Syracuse Schools: Developing district-wide active shooter response training a priority

STA president pushing for action plans specific to district buildings

SYRACUSE, N.Y. (WSYR-TV) - Just days before the deadly mass shooting in Parkland, Fla., at Marjory Stoneman Douglas High School, 30 members of the Syracuse Teachers Association were participating in active shooter response training.

STA President Megan Root addressed the school board Wednesday night during its meeting -- emphasizing the need for this type of training to be expanded.

"As teachers and administrators -- we're on the front lines. We are the first responders," Root explained. "When the police and the emergency personnel do show up, they're not there to help the wounded, they're there to take down the wounded. We need to have as many tools in our pockets as we can so we can save our lives but as many other lives as we can as well."

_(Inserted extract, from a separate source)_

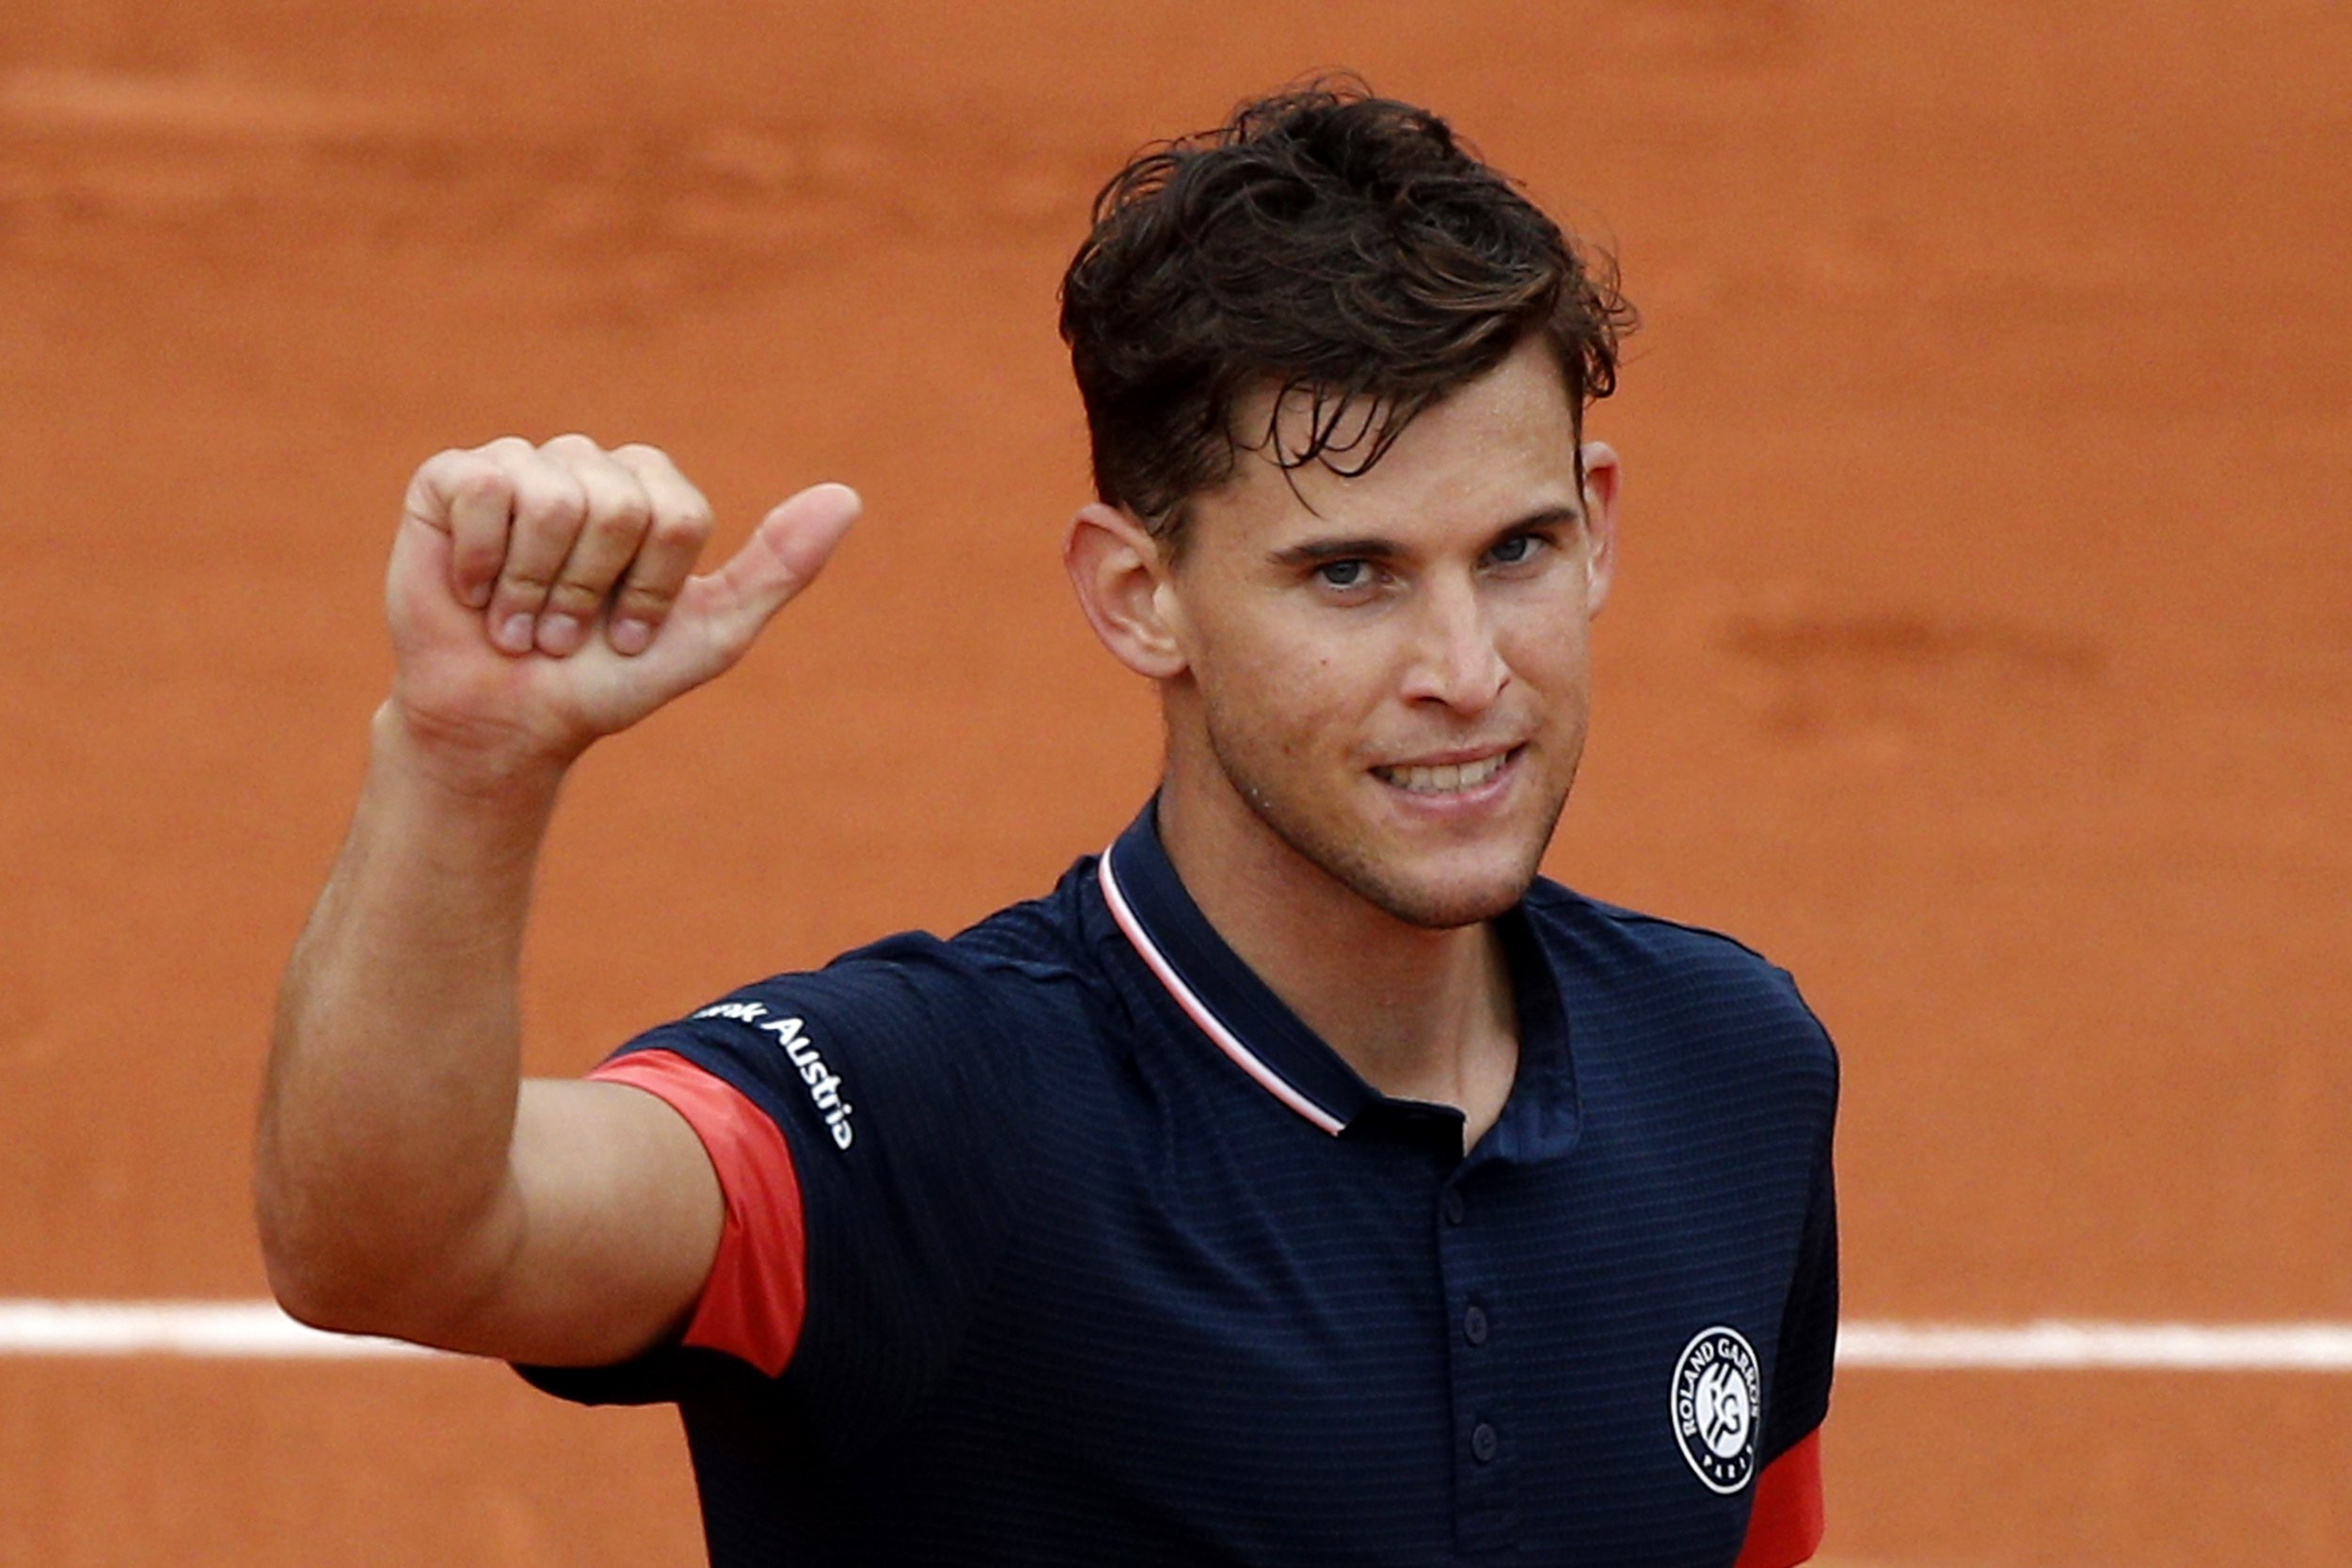 French Open Day 8 schedule: Order of play with Djokovic, Wozniacki and Nishikori v Thiem

Root says, "it's scary," to think this training is necessary, but says she understands why it's needed.

"We were all acknowledging that it was really sad that we live in times where this is an issue, but it really is in this country. It was scary," Root said. "There was some people in the training who said they sat in their car and they weren't sure they were going to come inside the building because they weren't sure they could handle it."

Root says the training helped her realize she has "more options than the shooter," and that everyone needs to have these skills to be ready in the event of an active shooter in a school. Root says trainers stressed that civilians can run, hide and fight, but the shooter is either going "to kill or be killed."

So far, Nottingham High School has received some form of active shooter training, according to Jaime Alicea, the Syracuse City School Superintendent.

On Thursday, Alicea says he will begin discussions with his director of security to develop building specific plans for the district. When asked if this type of planning and training is in the budget -- he says safety is a priority, so they will find a way to make it happen.

Root says the training needs to reach not only teachers, but front office staff, nurses and substitute teachers for it to be effective.

The STA members received training from Armoured One, a security company based in Central New York. Workers travel across the nation to train teachers for active shooter emergencies.